Commercial and non-core assets' monetisation plan positive for IBREL

Indiabulls Real Estate (IBREL) is making progress on its plans to monetise its commercial and non-core assets with two deals it announced on Monday and Friday involving its Mumbai commercial and Chennai properties. The company is divesting its entire stake in certain subsidiaries and thereby indirectly divesting 50 per cent stake in Indiabulls Properties (IPPL) and Indiabulls Real Estate Company (IRECPL) at an aggregate enterprise value of around $1.4615 billion or Rs 9,500 crore. The stake sale in entities that include One Indiabulls and Indiabulls Finance Centre will fetch the company Rs 4,750 crore. The company is also selling residential and commercial assets at Chennai which it calls its non-core market, for Rs 2.86 billion. 

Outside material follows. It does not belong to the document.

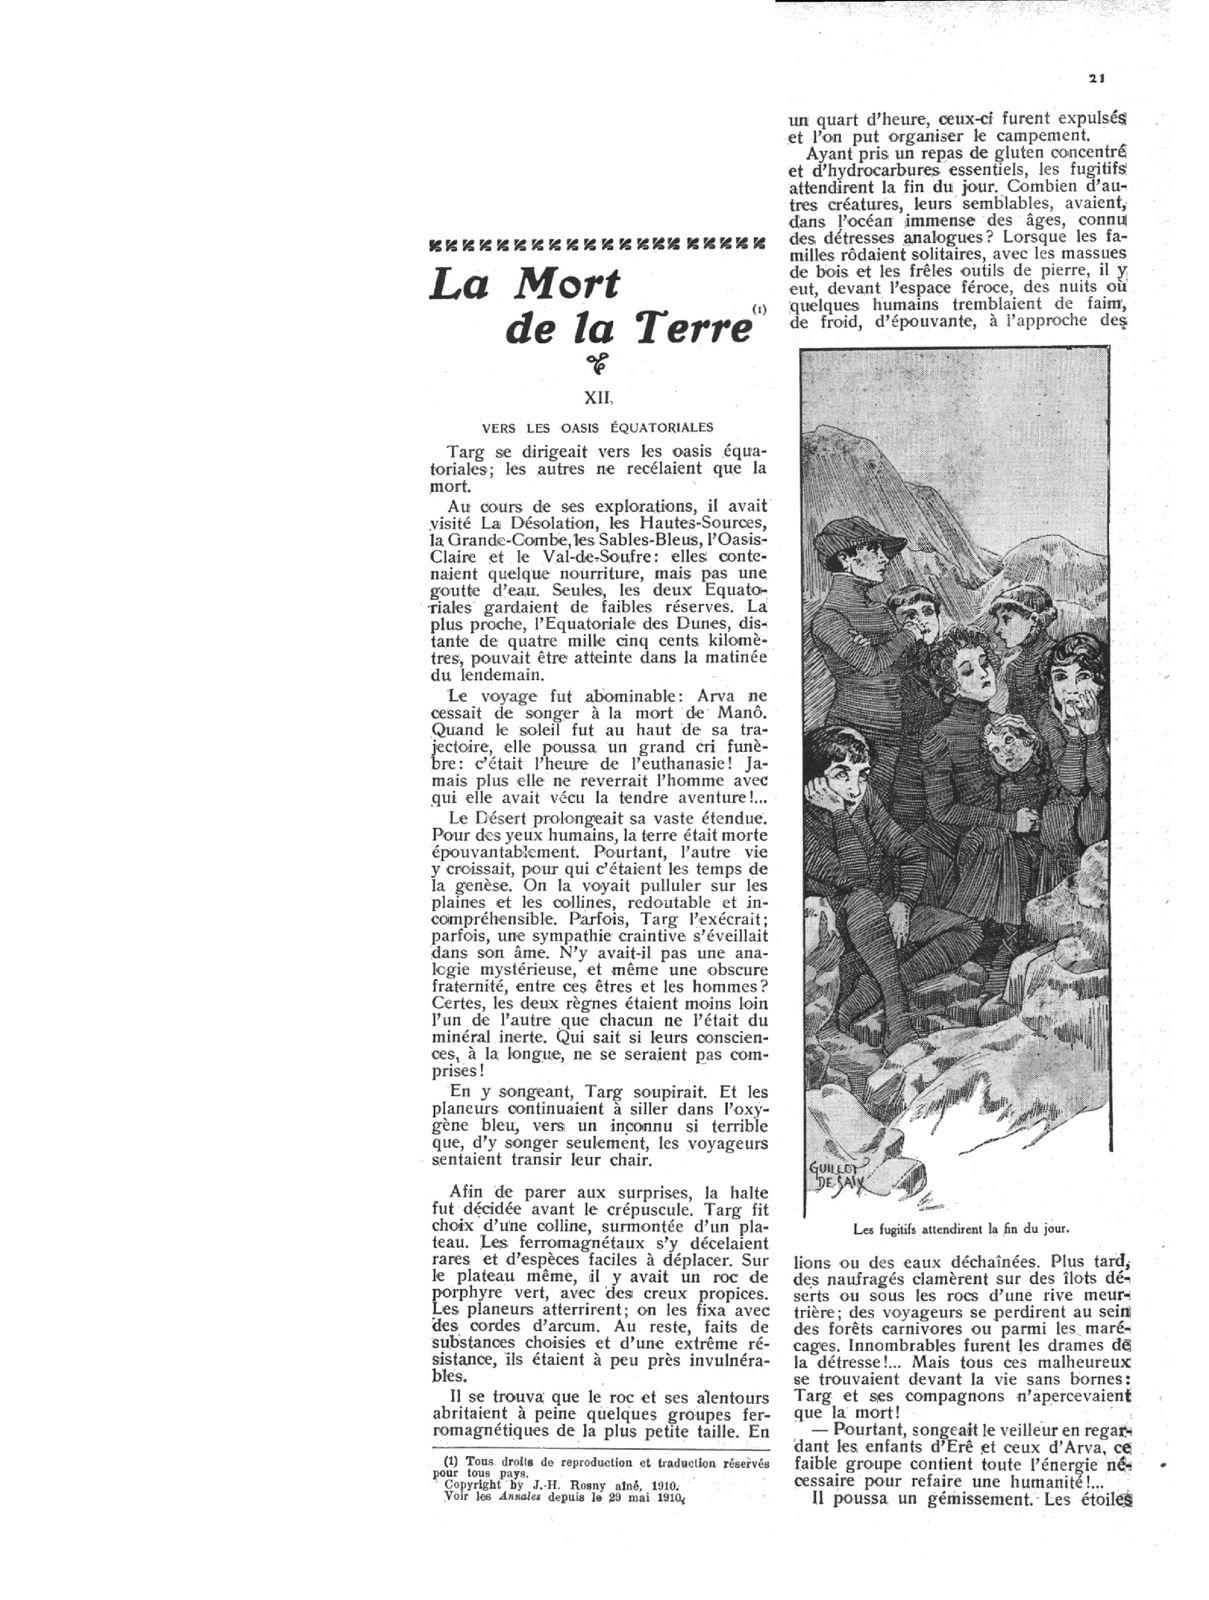 """J.-H. Rosny aîné """"La Mort de la Terre"""" in Les Annales politiques et littéraires n°1410 du 3 juillet 1910"""
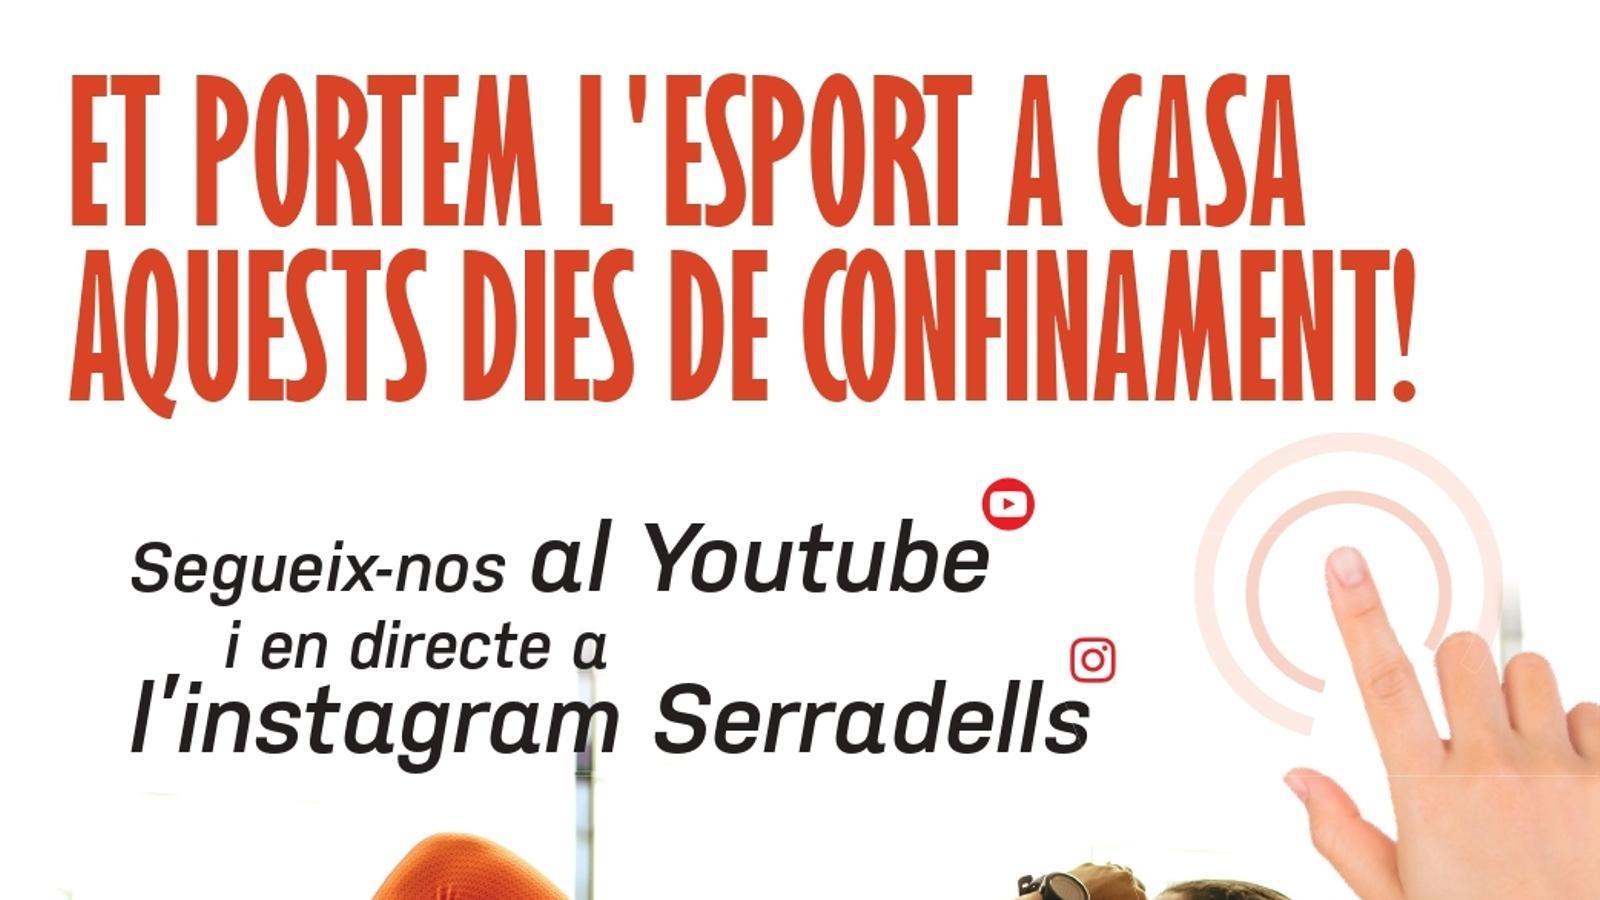 L'anunci de la proposta dels Serradells. / COMÚ D'ANDORRA LA VELLA

The properties sold are its completed commercial projects with a total area of 5.2 million sq ft and is more than half of its projects both completed and under construction by area. The other commercial projects, with an area of 3.9 million sq ft, are under construction and located in Gurugram and Worli/Parel in Mumbai. For the nine months ended FY18, the company’s rental portfolio generated about Rs 5.17 billion and at an annualised level it is expected to hit Rs 7.20 billion. The company has a target of achieving rental revenues of Rs 8 billion for its completed office properties and Rs 7 billion for its under-construction commercial properties by FY21. 

While the sale of the rental assets means that the rental income is expected to come down, the proceeds from the sale will help bring down the company’s net debt of Rs 95 billion. About Rs 42 billion of this is attributable to its rental operations while the rest is accounted for by its developmental or residential portfolio. Analysts believe that the asset monetisation is a near-term catalyst for the stock given that total debt will come down by half if the Mumbai asset sales are entirely used to retire debt. Analysts at JP Morgan in an earlier report indicated that if the company is able to execute even a minority stake sale, residential balance sheet (Rs 45 billion net debt) will move towards a net cash position, especially given it has almost Rs 20 billion in pending collections from its pre-sold assets such as BLU, which is 99 per cent sold. 

The focus now is expected to shift to the execution of it residential portfolio of 33.91 million sq ft, the largest of which is its Panvel project. Of the 15 projects, the company has started handing over the units in five and expects to start the handover process in another four in the next four-five quarters. While lower debt should help, delays in execution of the existing projects could lead to cost overruns.